I decided to deal with the missing glass first. To fit new glass means the assembly shown above needs to be removed from the case. The glass pieces are held in place by brown felt strips and a small screw through the end of the left slot. I found a piece of glass and scored it with a glass cutter. Unfortunately the glass refused to break along the scored line as does virtually any glass that's not freshly made. After a couple of attempts, the results of the latter were quite spectacular. A piece of glass of correct thickness taken from the door of an old oven shattered into thousands of fragments instead of breaking along a scored line. Clearly safety glass is not suitable and I decided on an alternative.. a piece of plastic. After wandering around for ten minutes I spotted a stack of scrap laptops. One of these had a plastic front to the display (others had glass).

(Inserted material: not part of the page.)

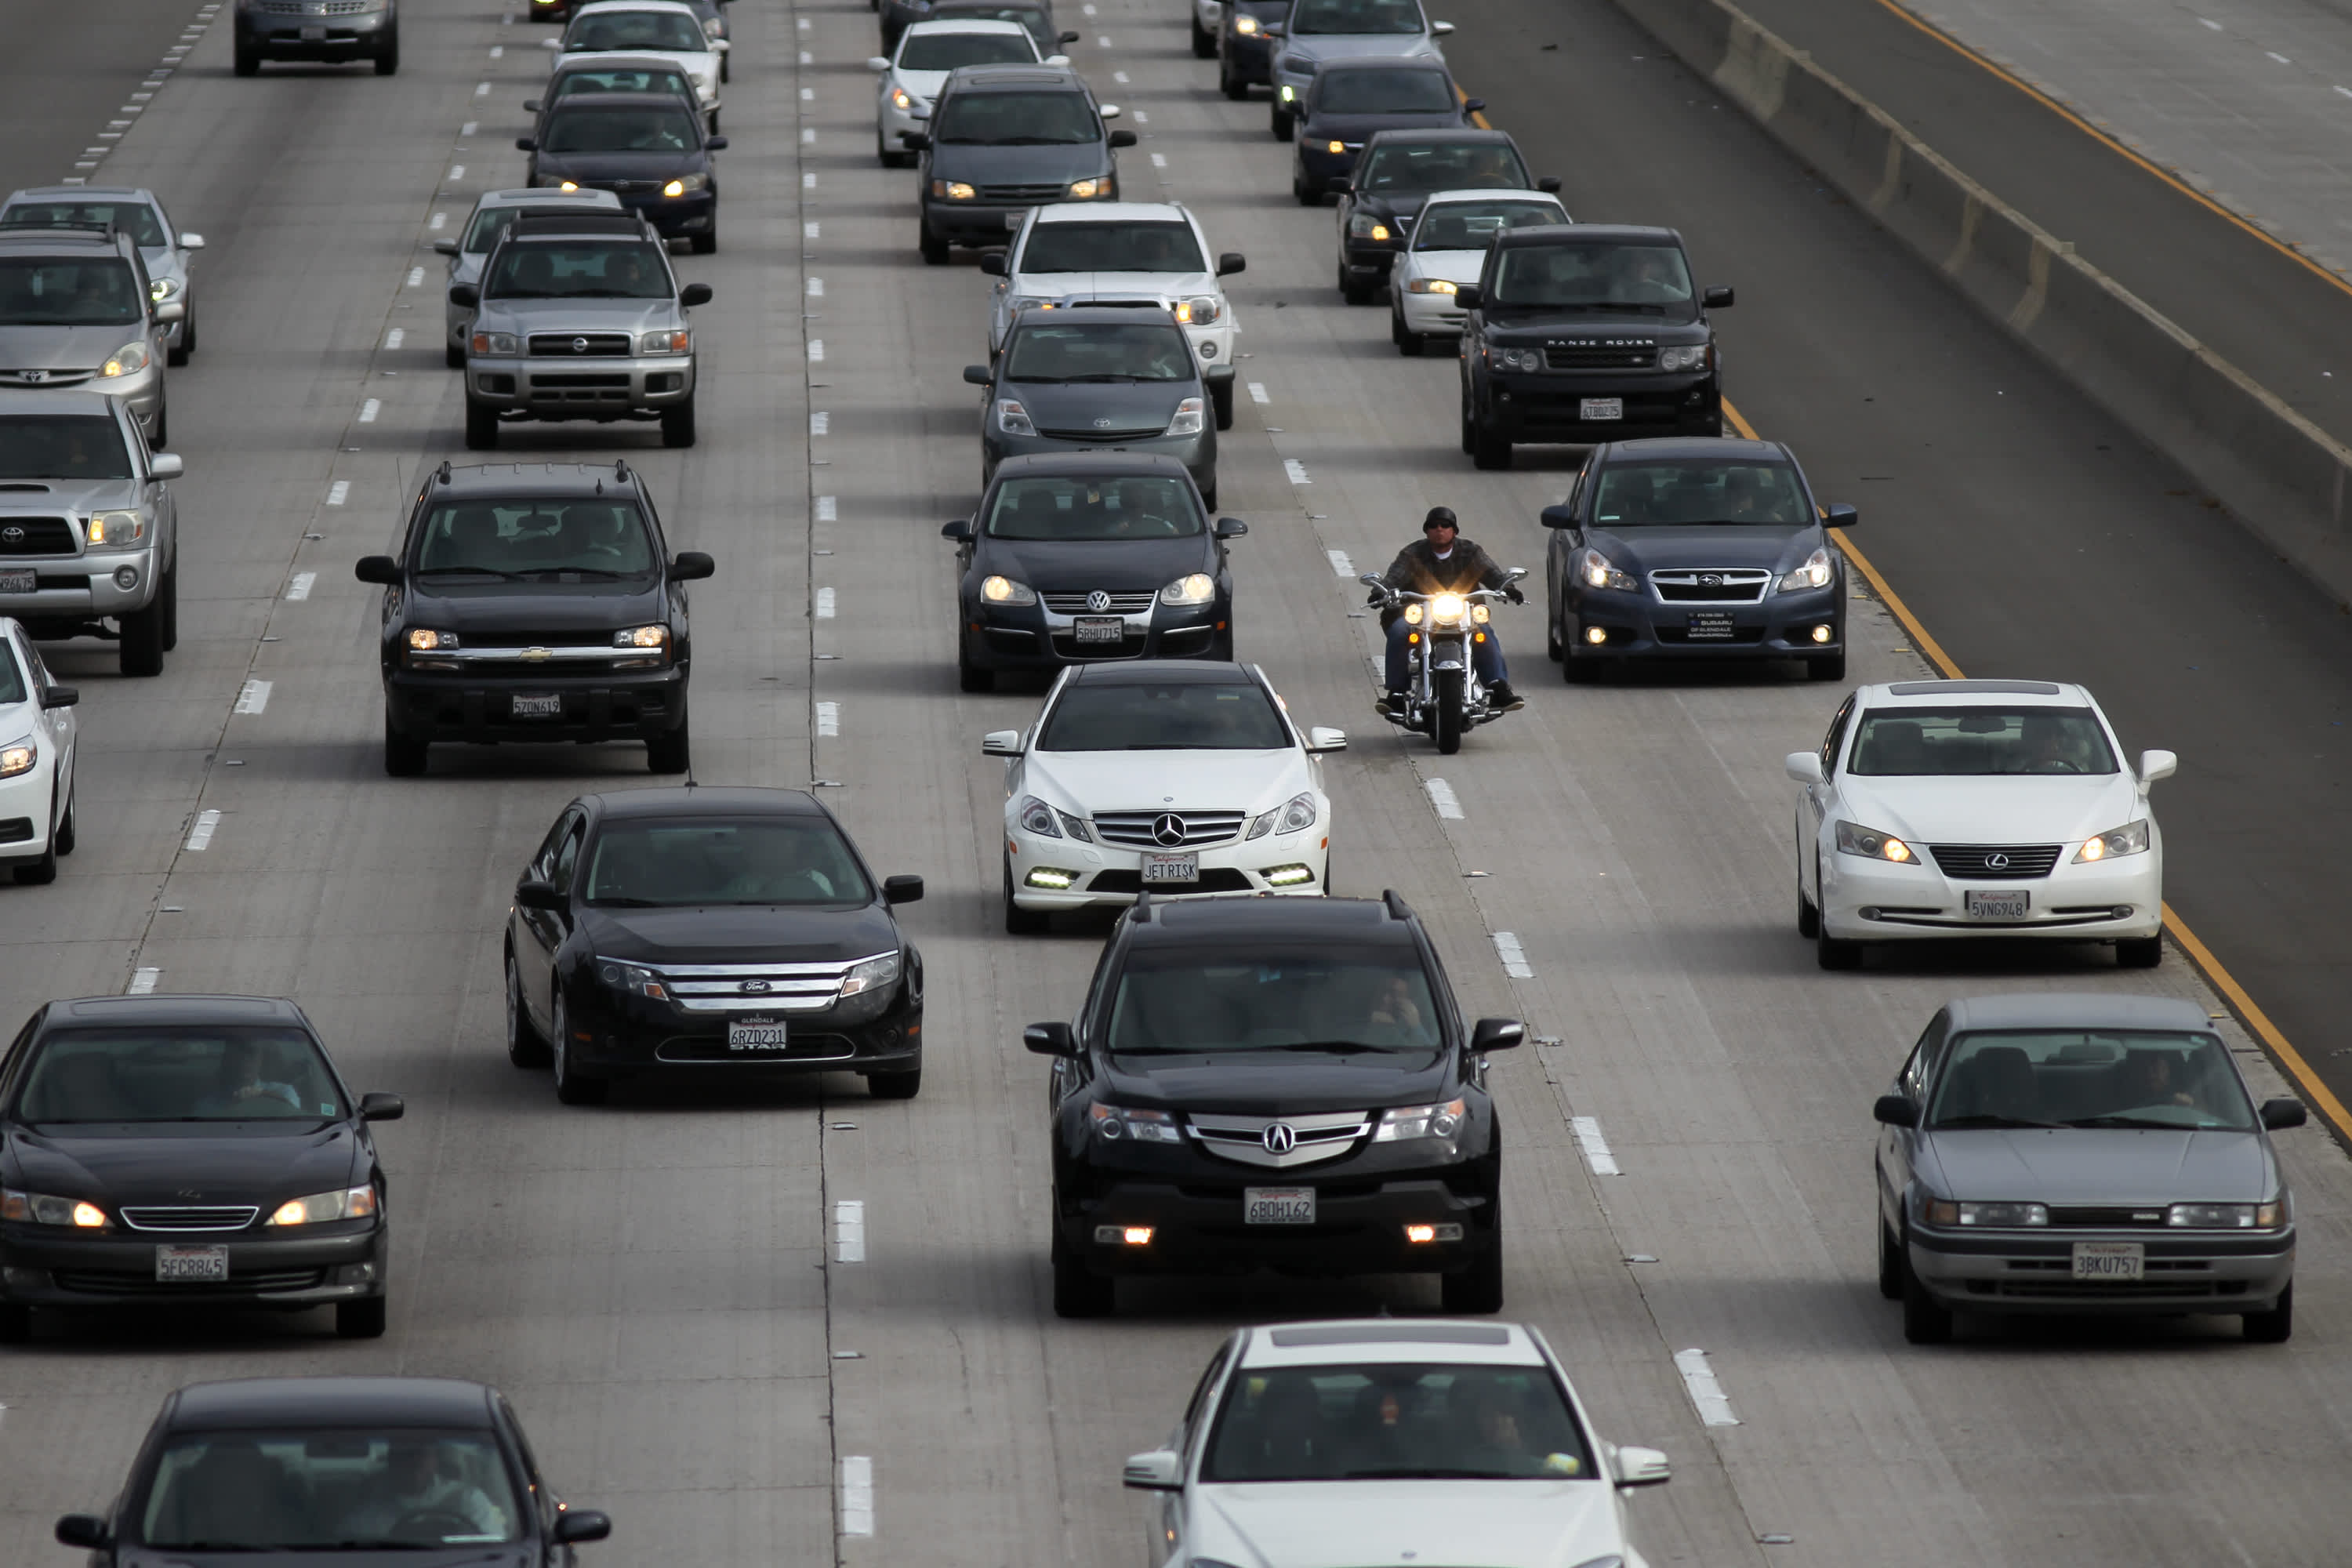 Average age of cars on U.S. roads breaks record

I removed the display panel and dismantled it into its components, one of which was a plastic sheet which varied in thickness along its height but was exactly the right width for the HMV receiver dial. I scored the plastic, then decided to use a hacksaw and file and after fifteen minutes had a new plastic replacement for the broken dial section. I'll see about marking it later, but I won't be using exactly the same method as the manufacturer. Trotting around the School of Signals radio museum I noticed lots of exibits had little familiar looking labels stuck on them. Something about them reminded me of CND before I realised they were radiation hazard warnings. Like lots of WW2 radio equipment whose knobs are marked with luminous paint, this series of HMV radio uses a radioactive paint to make the dial lettering fluoresce to improve readability. In fact the glass strips are used as light guides by fitting a pair of incandescent bulbs at their ends making the markings glow when one of the four wavebands is selected.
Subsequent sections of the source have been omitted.